It’s time for a short update on my thinking about Playful IAs (the topic of my Euro IA Summit talk). One of the under-served aspects so far is the actual user experience of an architecture that is playful.
Brian Sutton-Smith describes a model describing the ways in which games are experienced in his book Toys as Culture. I first came across this book in (not surprisingly) Rules of Play. He lists five aspects:
- Visual scanning
- Auditory discrimination
- Motor responses
- Perceptual patterns of learning
Of most importance to my subject is the 5th one.
Game design, like the design of emergent IAs is a 2nd order design problem. You can only shape the user’s experience indirectly. One of the most important sources of pleasure for the user is the way you offer feedback on the ways he or she has explored and discovered the information space.
Obviously, I’m not saying you should make the use of your service deliberately hard. However, what I am saying is that if you’re interested in offering a playful experience on the level of IA, then Sutton-Smith’s perceptual patterns of learning is the best suited experiential dimension.

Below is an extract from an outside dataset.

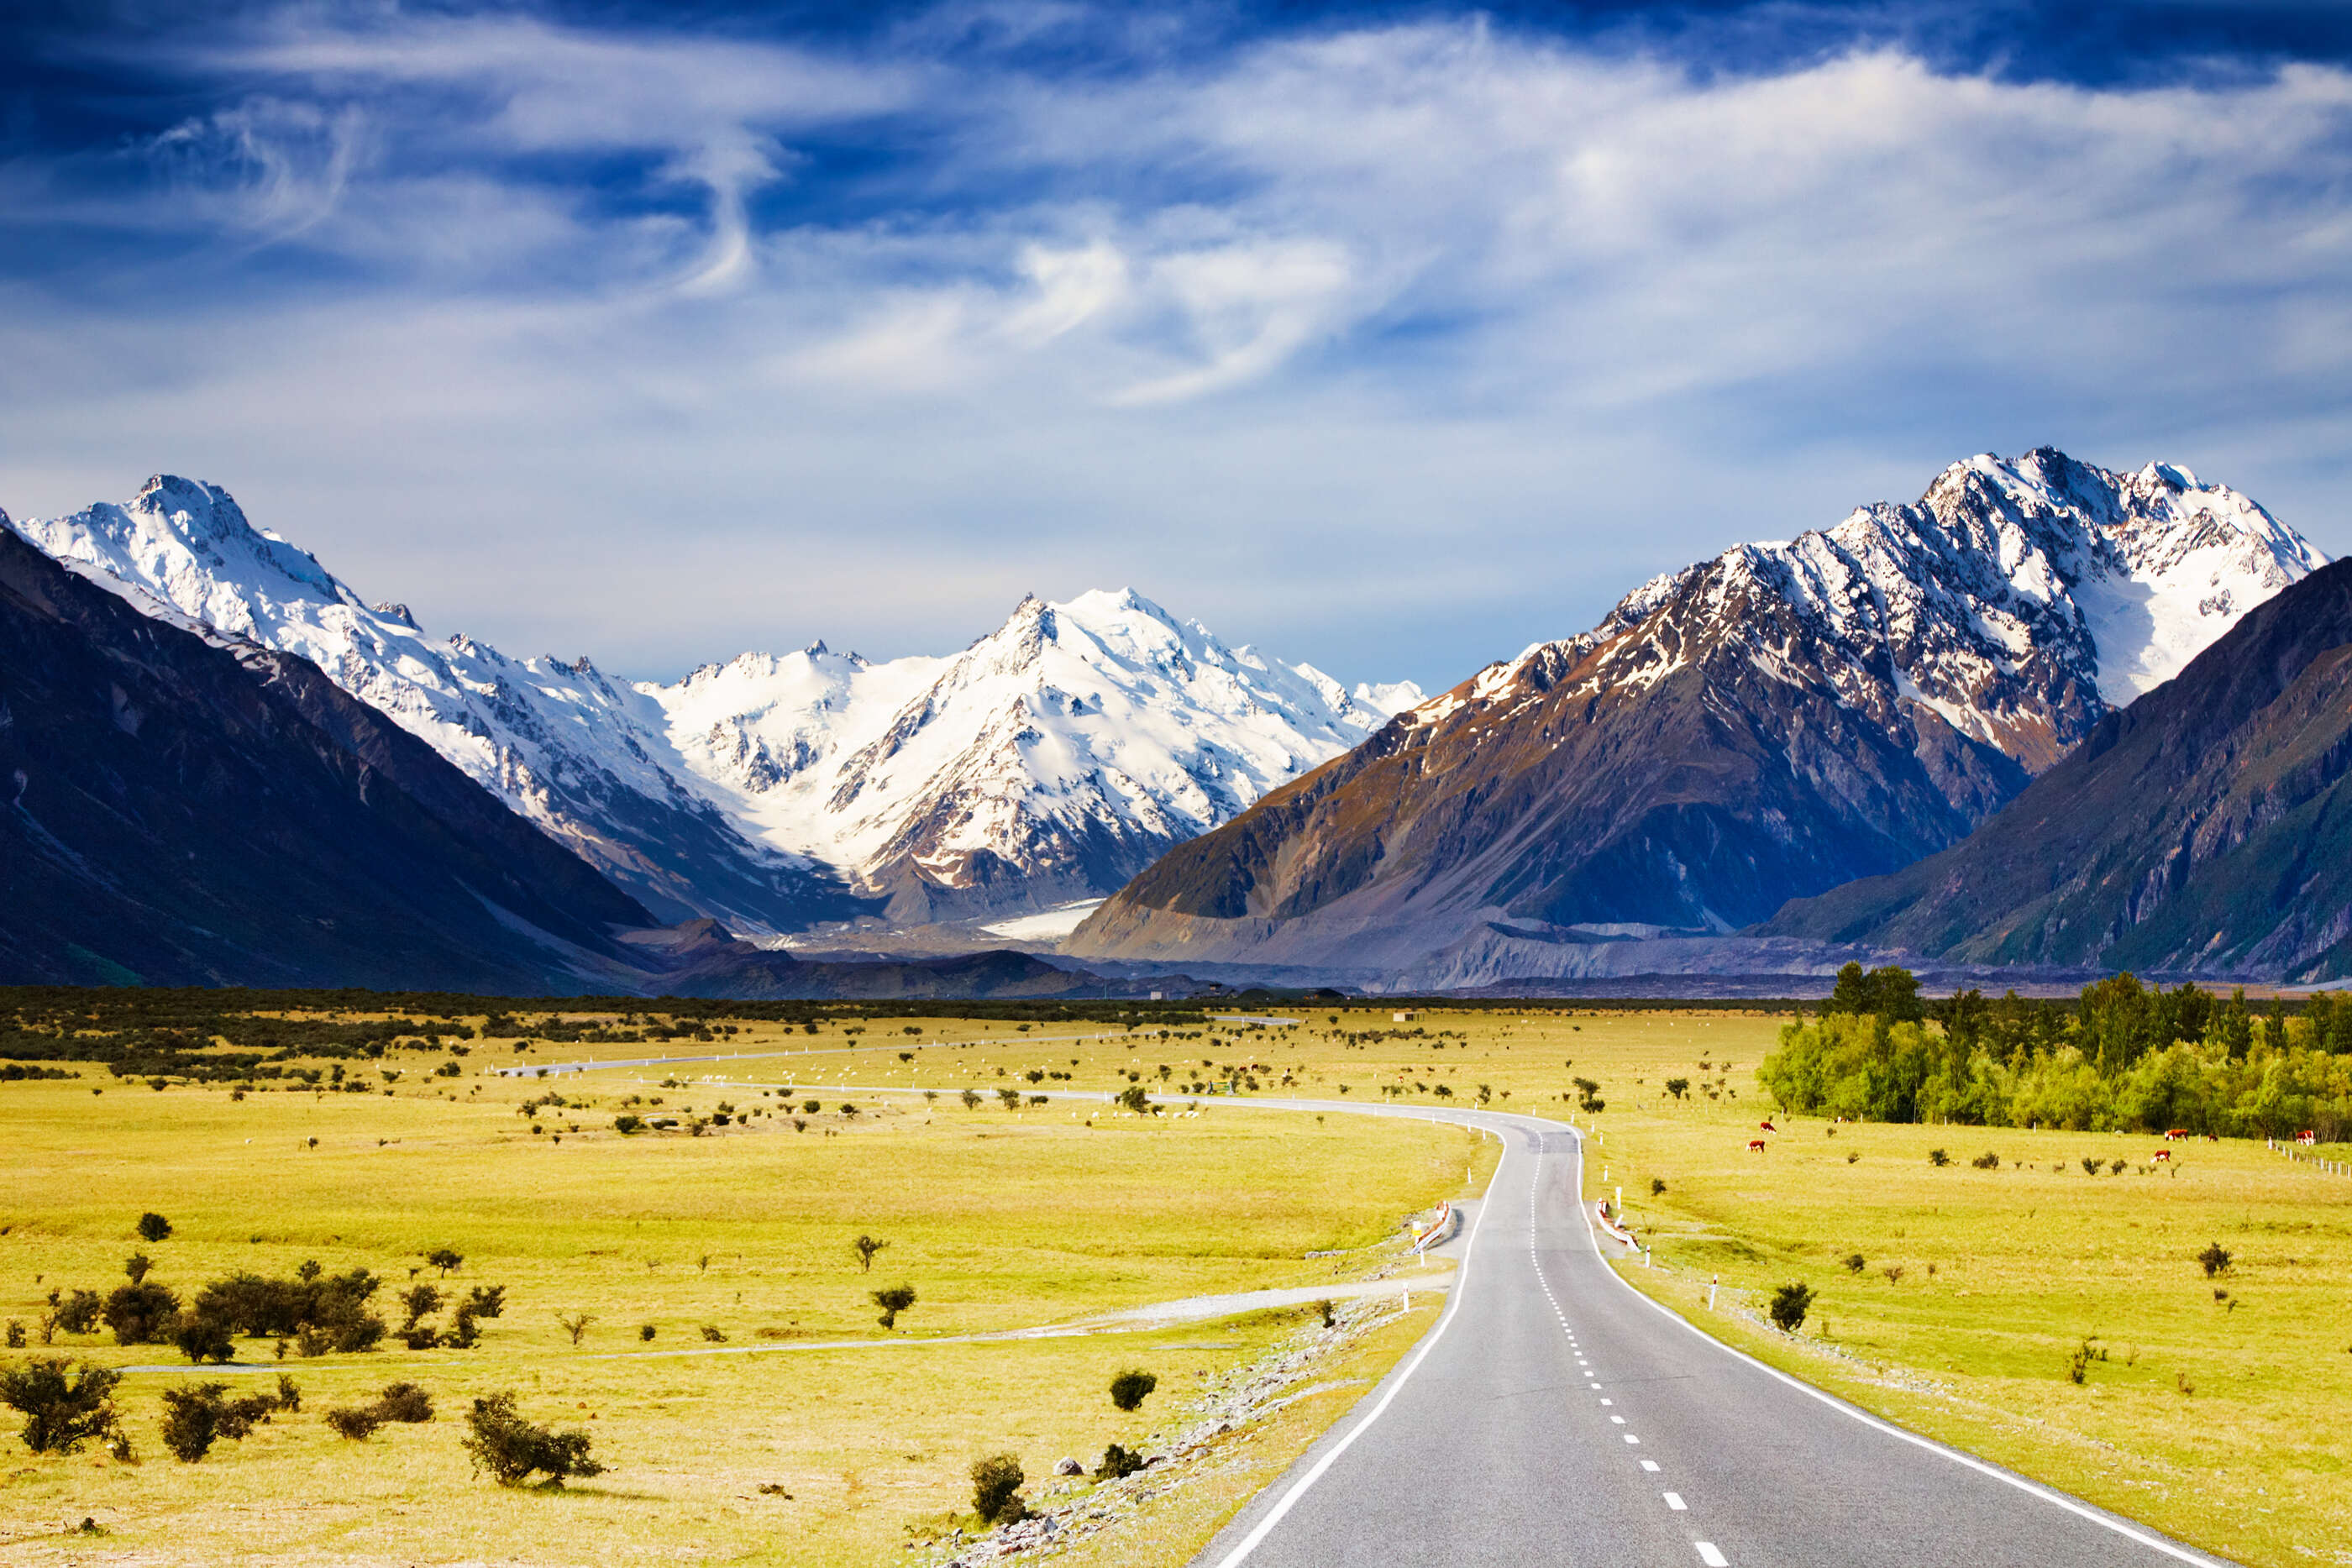 The Southern Alps of New Zealand
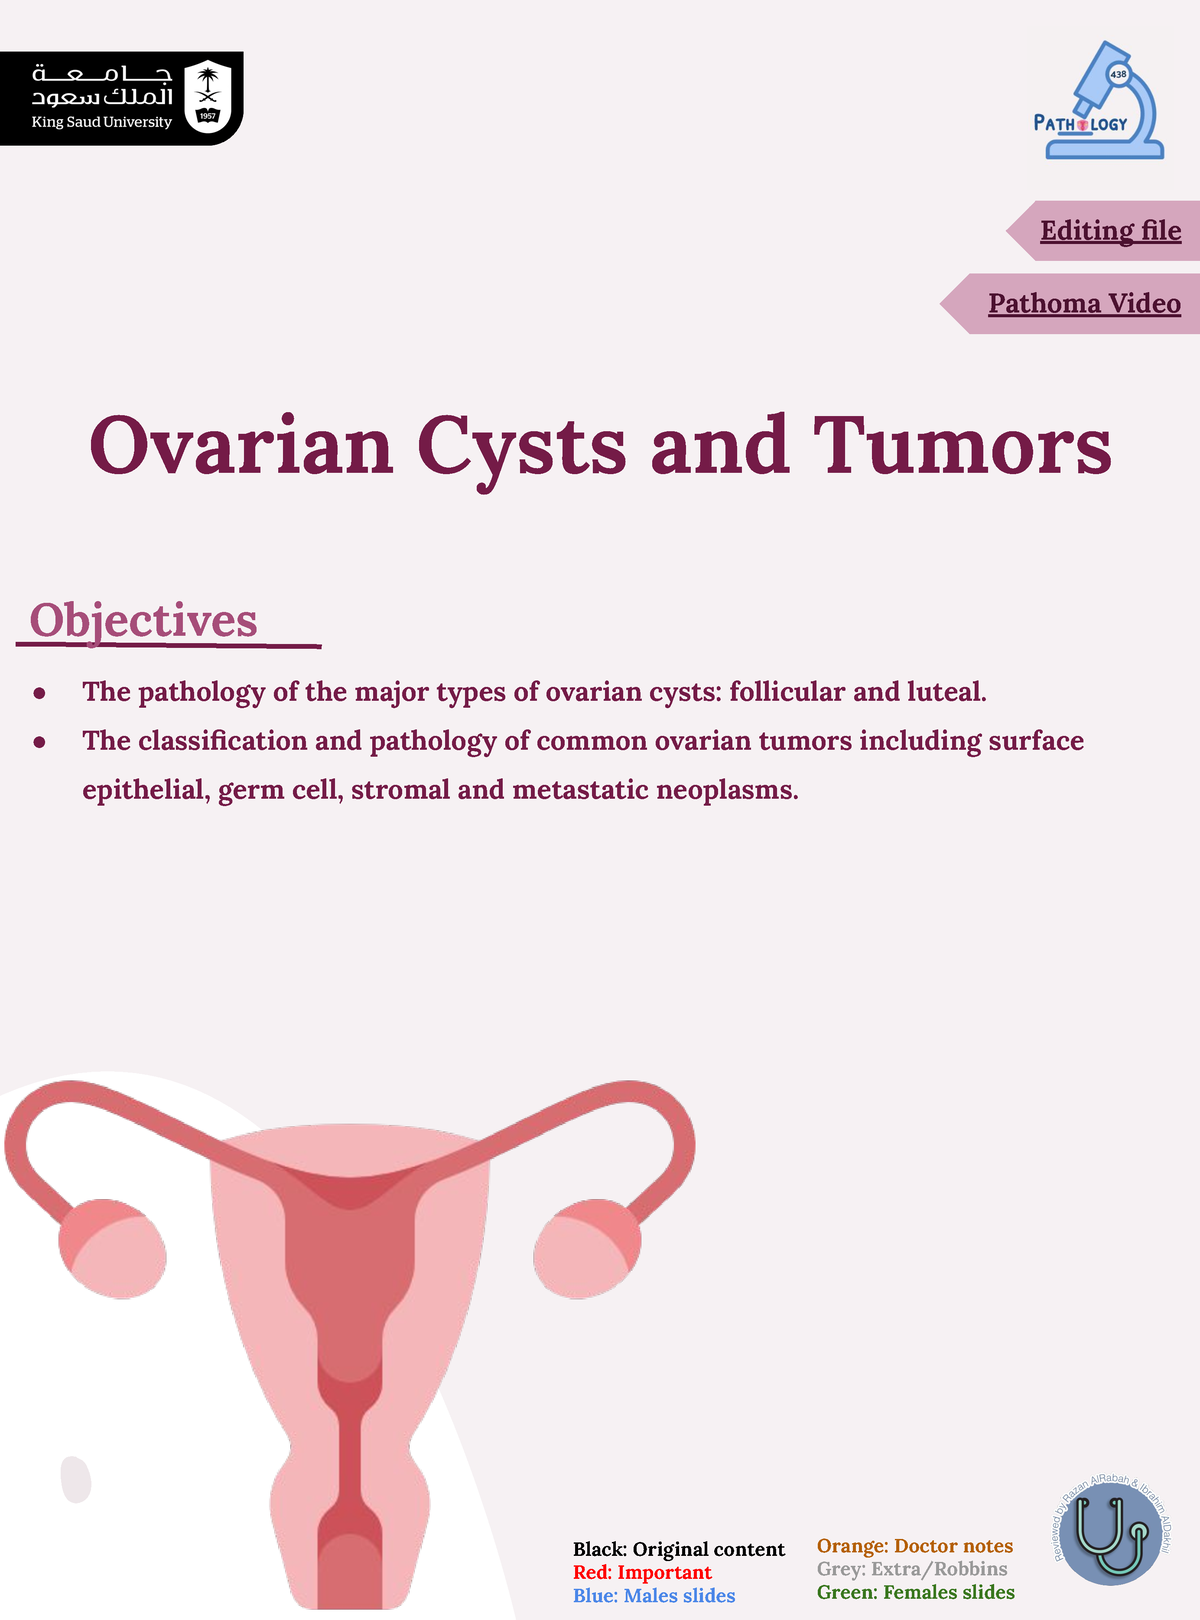 L2 Ovarian Cysts and Tumors - Black: Original content Red: Important ...

One of the concepts I plan on exploring in my talk at the Euro IA Summit in Barcelona is ‘possibility spaces’. It’s a term used by Will Wright to describe his view of what a game can be — a space that offers multiple routes and outcomes to its explorer. That idea maps nicely with one definition of play that Zimmerman and Salen offer in Rules of Play: ‘free movement within a rigid structure’. Some examples of possibility spaces created by Wright are the well-known games Sim City and The Sims.
I think the idea of possibility spaces can help IAs to get a firmer grip on ways to realize information spaces that are multi-dimensional and (to use a term put forward by Jesse James Garrett) algorithmic. Algorithmic architectures according to Garrett are created ‘on the fly’ based on a set of rules (algorithms) that get their input (ideally) from user behaviour. The example he uses to explain this concept is Amazon.
I’ve found myself in several projects recently that would have benefited from an algorithmic approach. The hard thing is to explain its charms to clients and to get a unified vision of what it means across to the design team. I believe games might be a useful analogy. What do you think?